## EXERCISE OBJECTIVE
Give the data below again exactly as it stands. Omit the pictures.

## DATA BLOCK

-=-=-

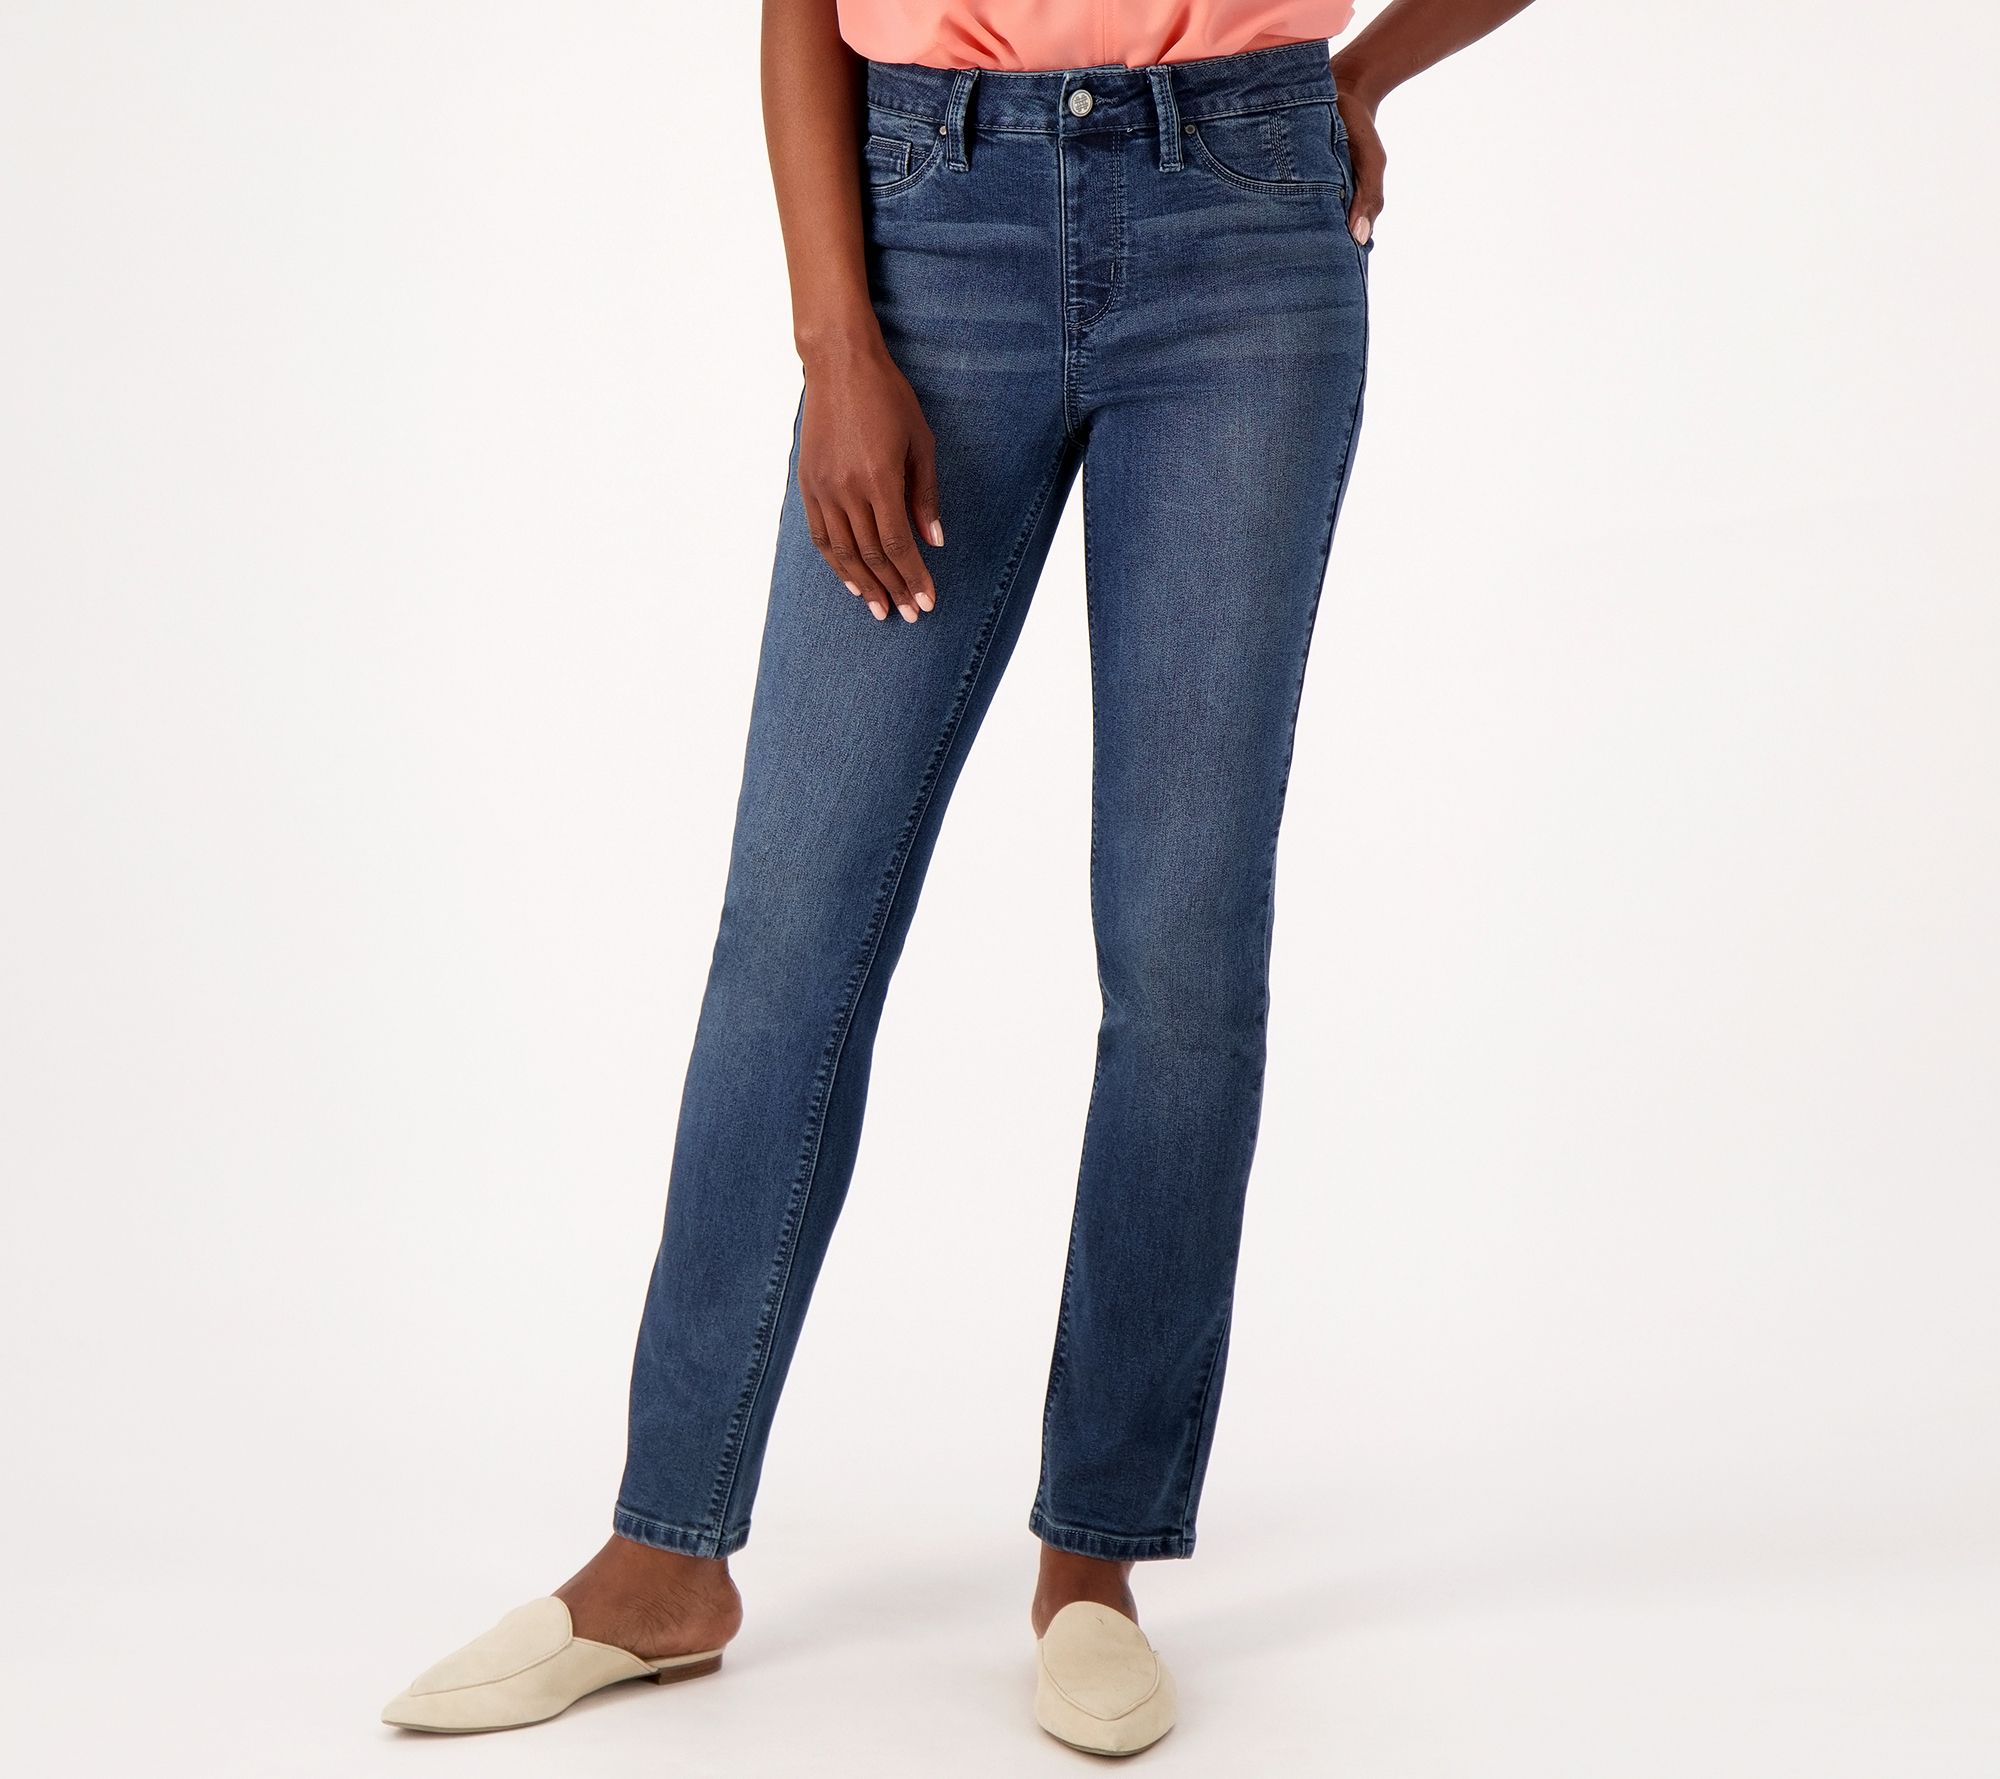 Laurie Felt Tall Silky Denim Easy Skinny Pull-On Jeans - QVC.com
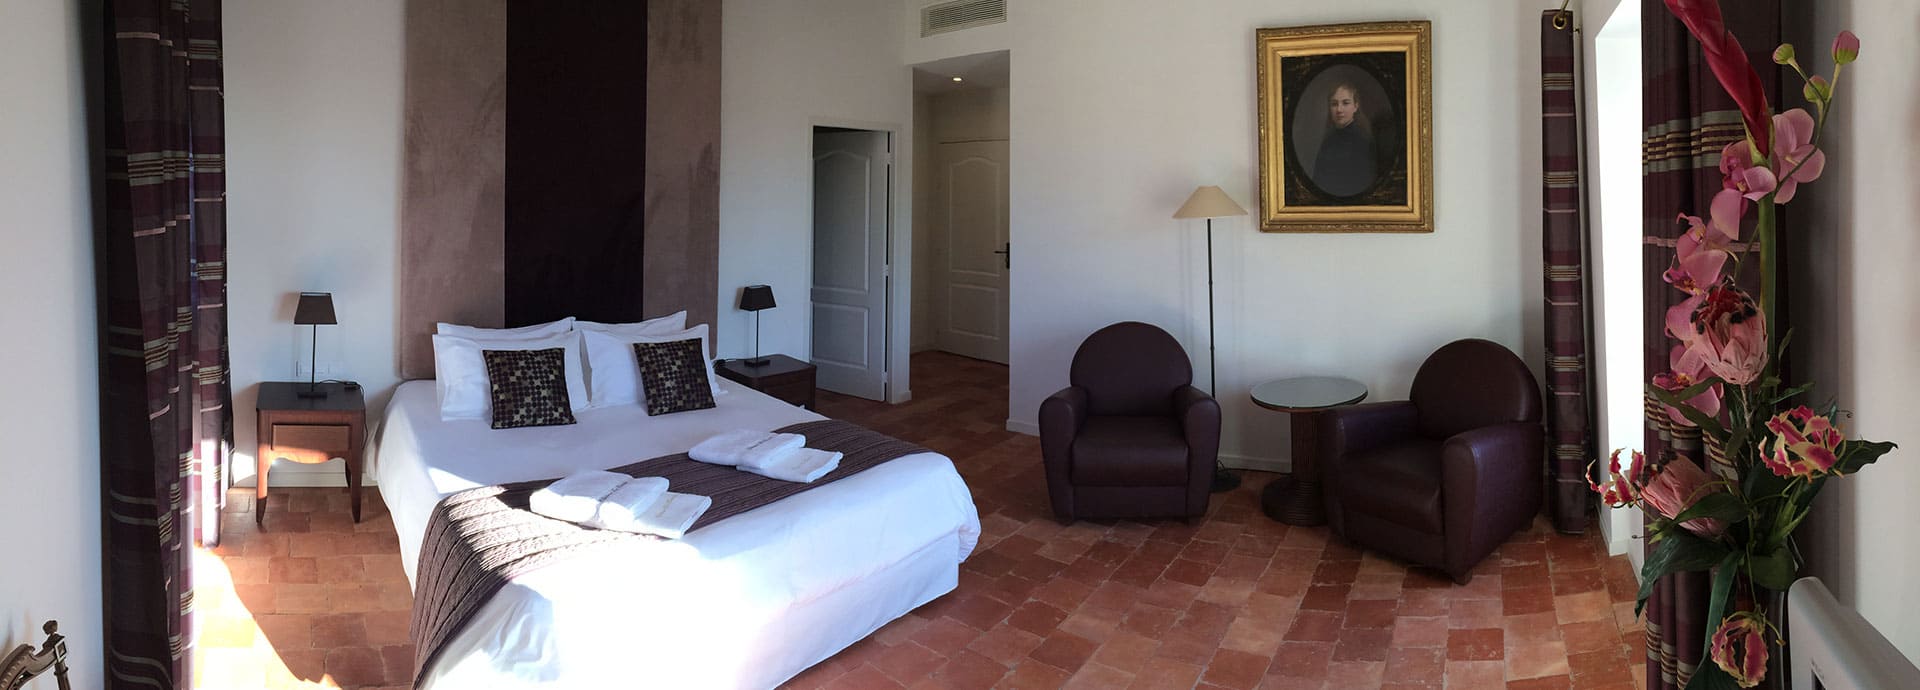 Luxury bedroom in Bacchus guesthouse in Domaine de la Vernède, holiday rental in Nissan-lez-Enserune
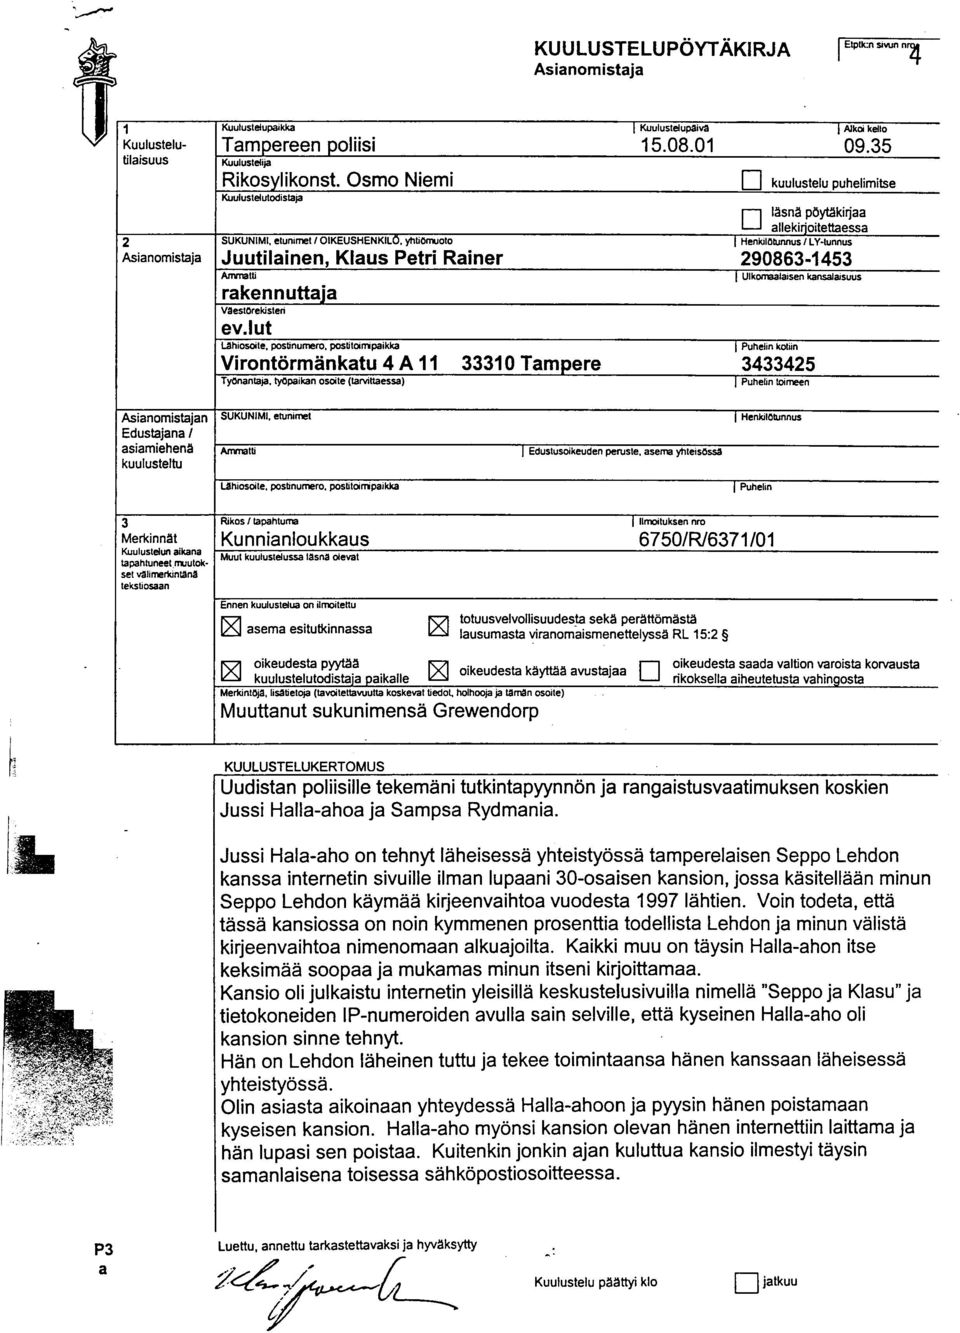 290863-1453 Anvnatti Ulk=alaisen kansalaisuus rakennutta"a V3estOrekisteri ev.

-=-=-

## REPLY TO THE EXERCISE
 Laurie Felt Tall Silky Denim Easy Skinny Pull-On Jeans - QVC.com
 Luxury bedroom in Bacchus guesthouse in Domaine de la Vernède, holiday rental in Nissan-lez-Enserune
 290863-1453 Anvnatti Ulk=alaisen kansalaisuus rakennutta"a V3estOrekisteri ev.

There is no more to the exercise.